▶ _Given records_
+ + + + +
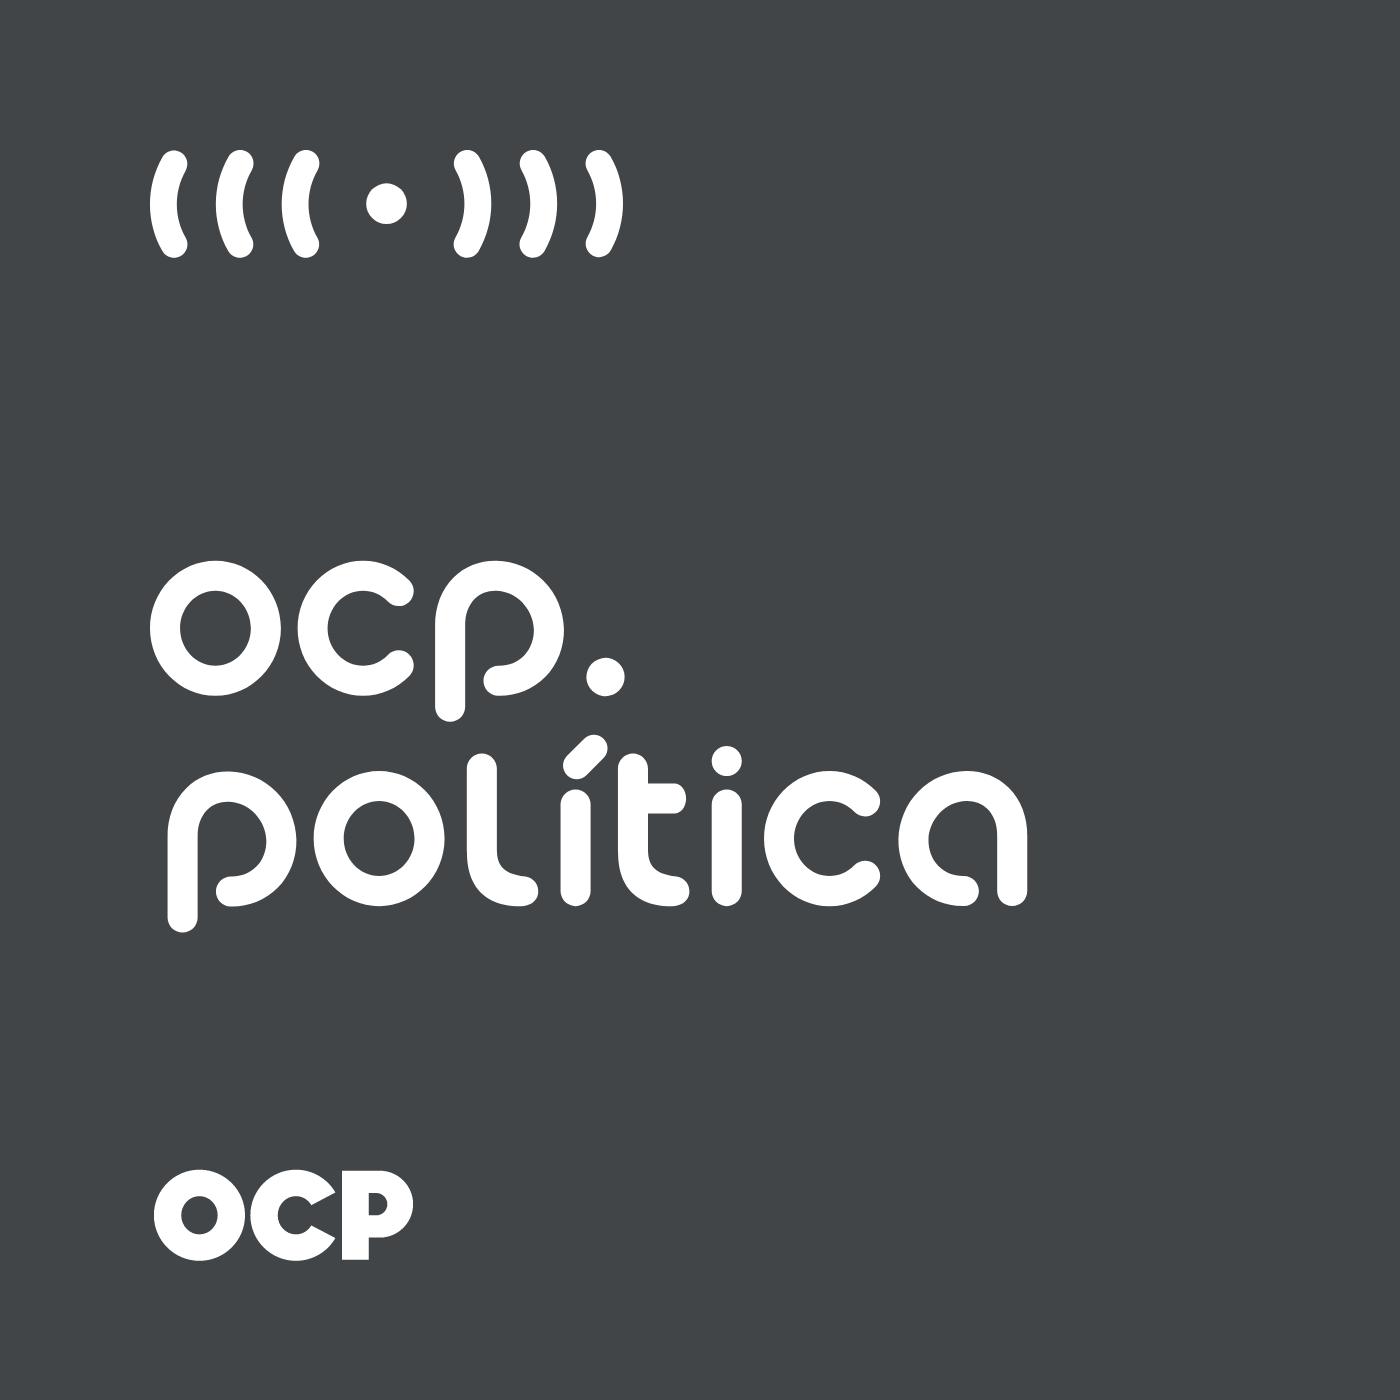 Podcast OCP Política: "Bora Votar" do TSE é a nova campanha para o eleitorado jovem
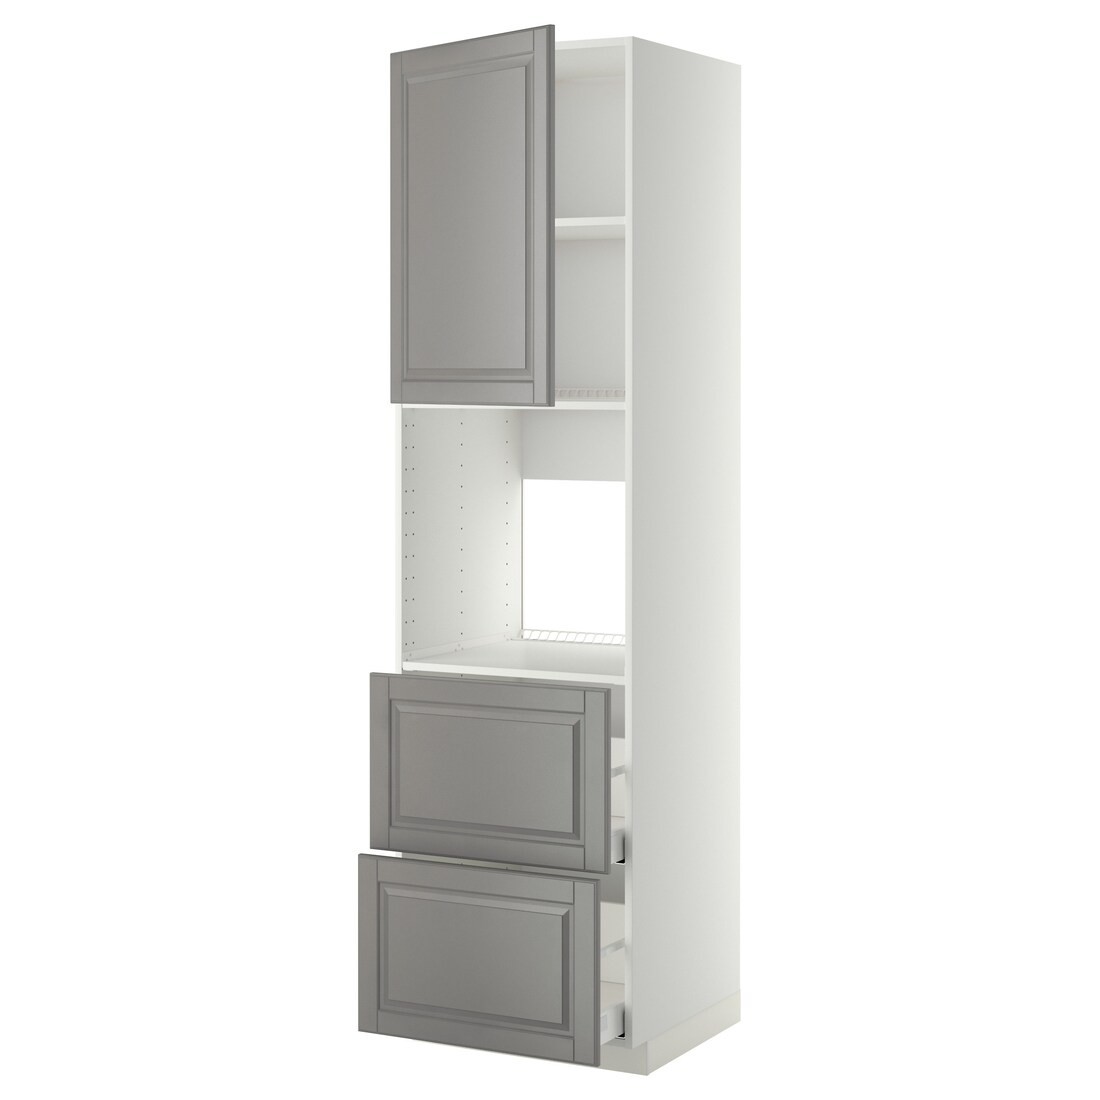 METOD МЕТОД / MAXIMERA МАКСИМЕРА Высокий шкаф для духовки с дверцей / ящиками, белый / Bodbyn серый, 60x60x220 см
+ + + + +
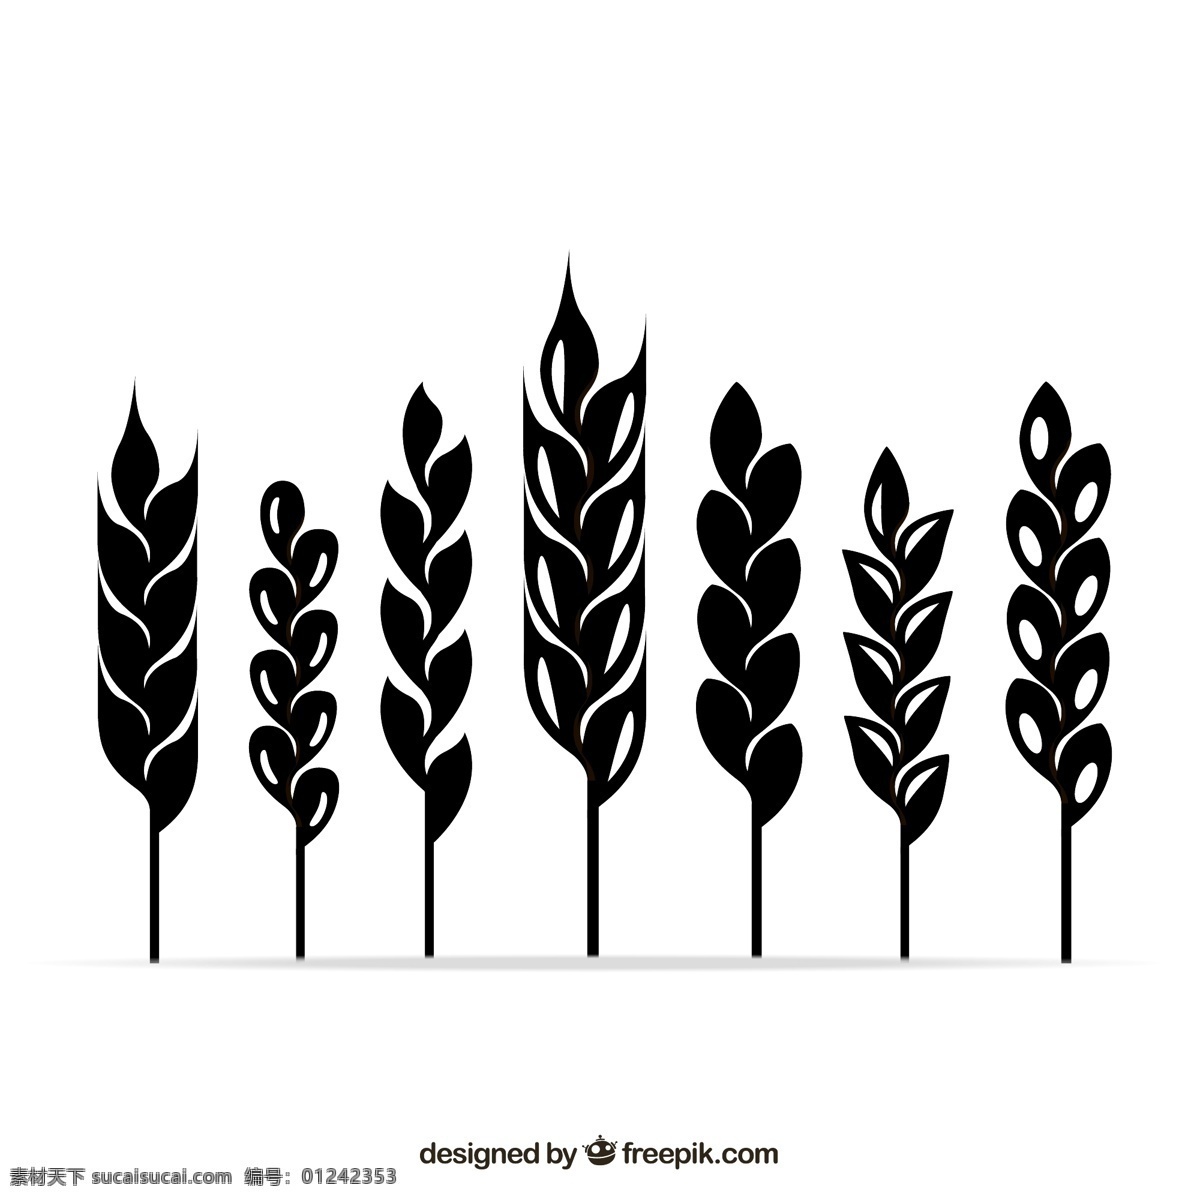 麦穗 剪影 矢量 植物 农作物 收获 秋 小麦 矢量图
+ + + + +
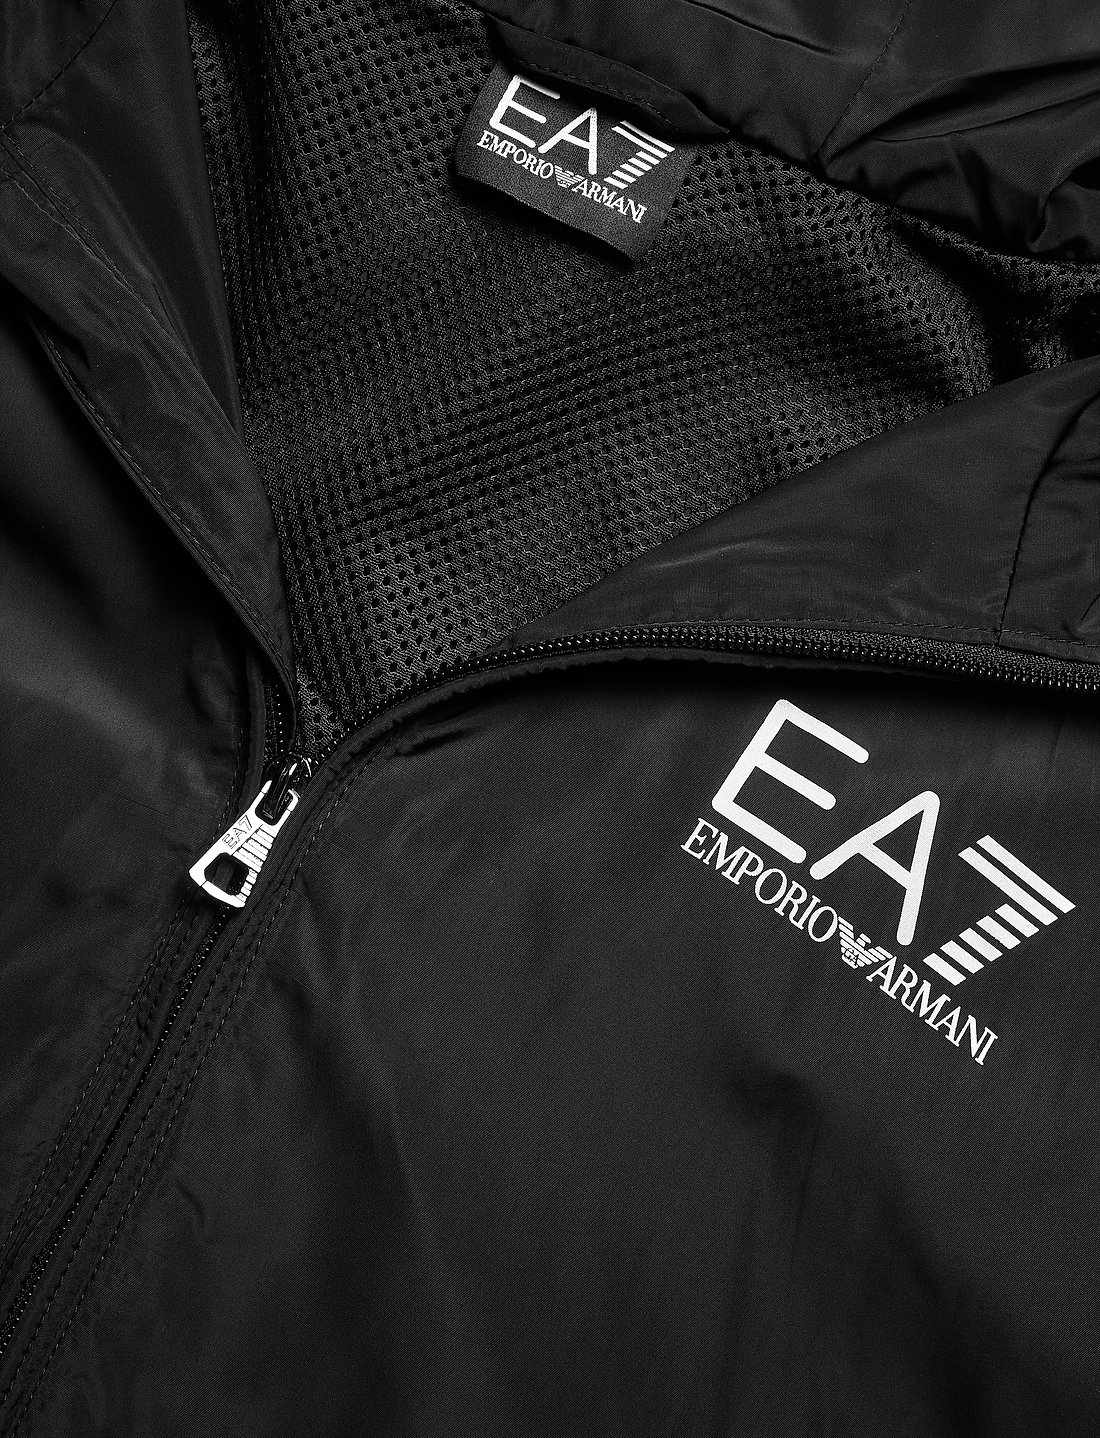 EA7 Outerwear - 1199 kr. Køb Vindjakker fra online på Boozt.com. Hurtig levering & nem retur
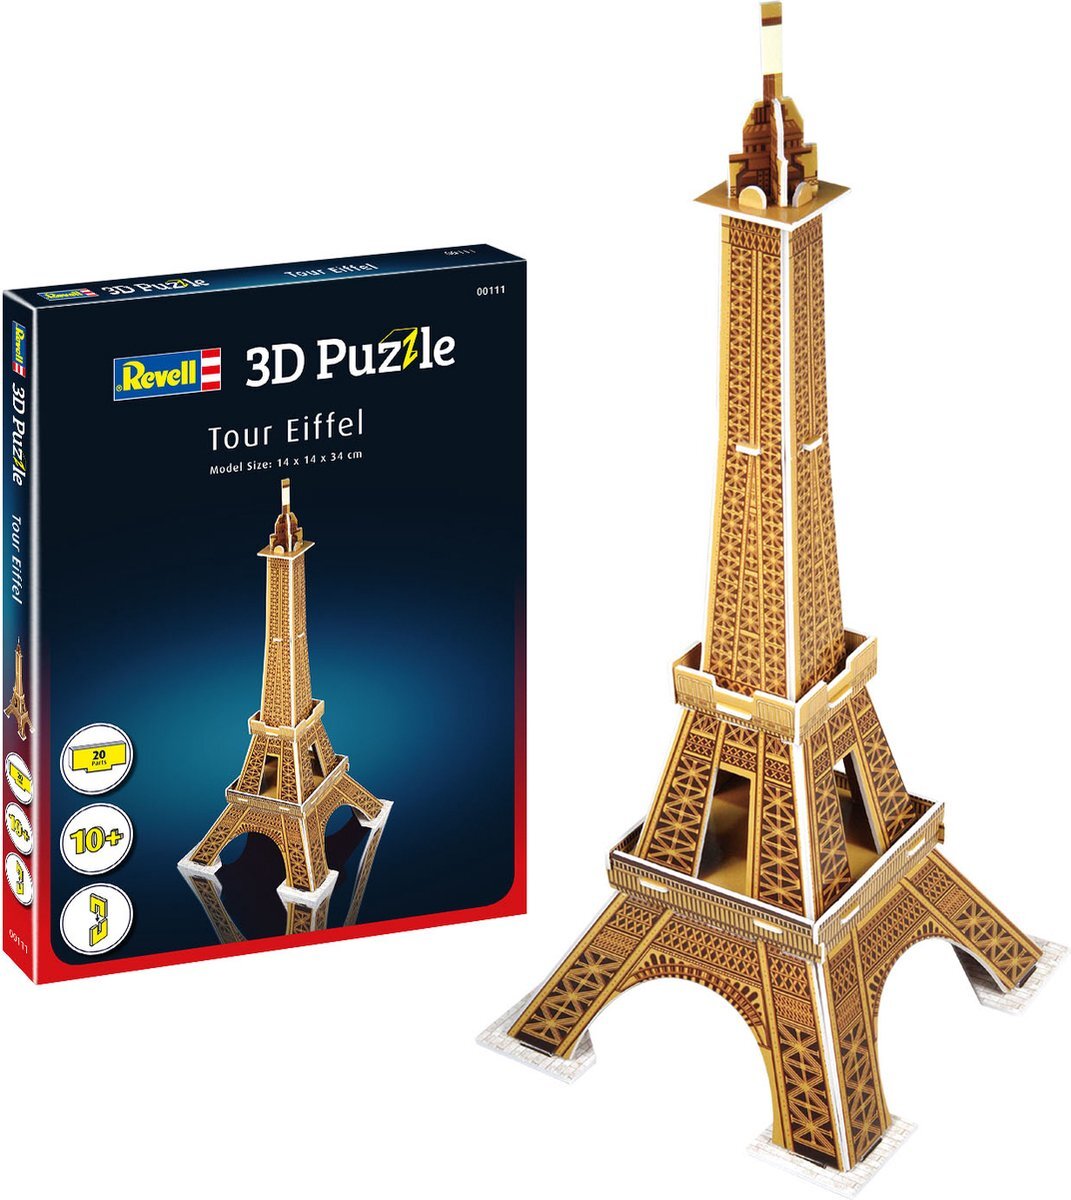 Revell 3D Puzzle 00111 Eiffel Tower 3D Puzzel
+ + + + +
Repeat the lines above exactly, beginning with the one containing "EA7 Outerwear - 1199" and finishing with the one containing "Revell 3D Puzzle". No pictures belong in the copy.

 EA7 Outerwear - 1199 kr. Køb Vindjakker fra online på Boozt.com. Hurtig levering & nem retur
 Revell 3D Puzzle 00111 Eiffel Tower 3D Puzzel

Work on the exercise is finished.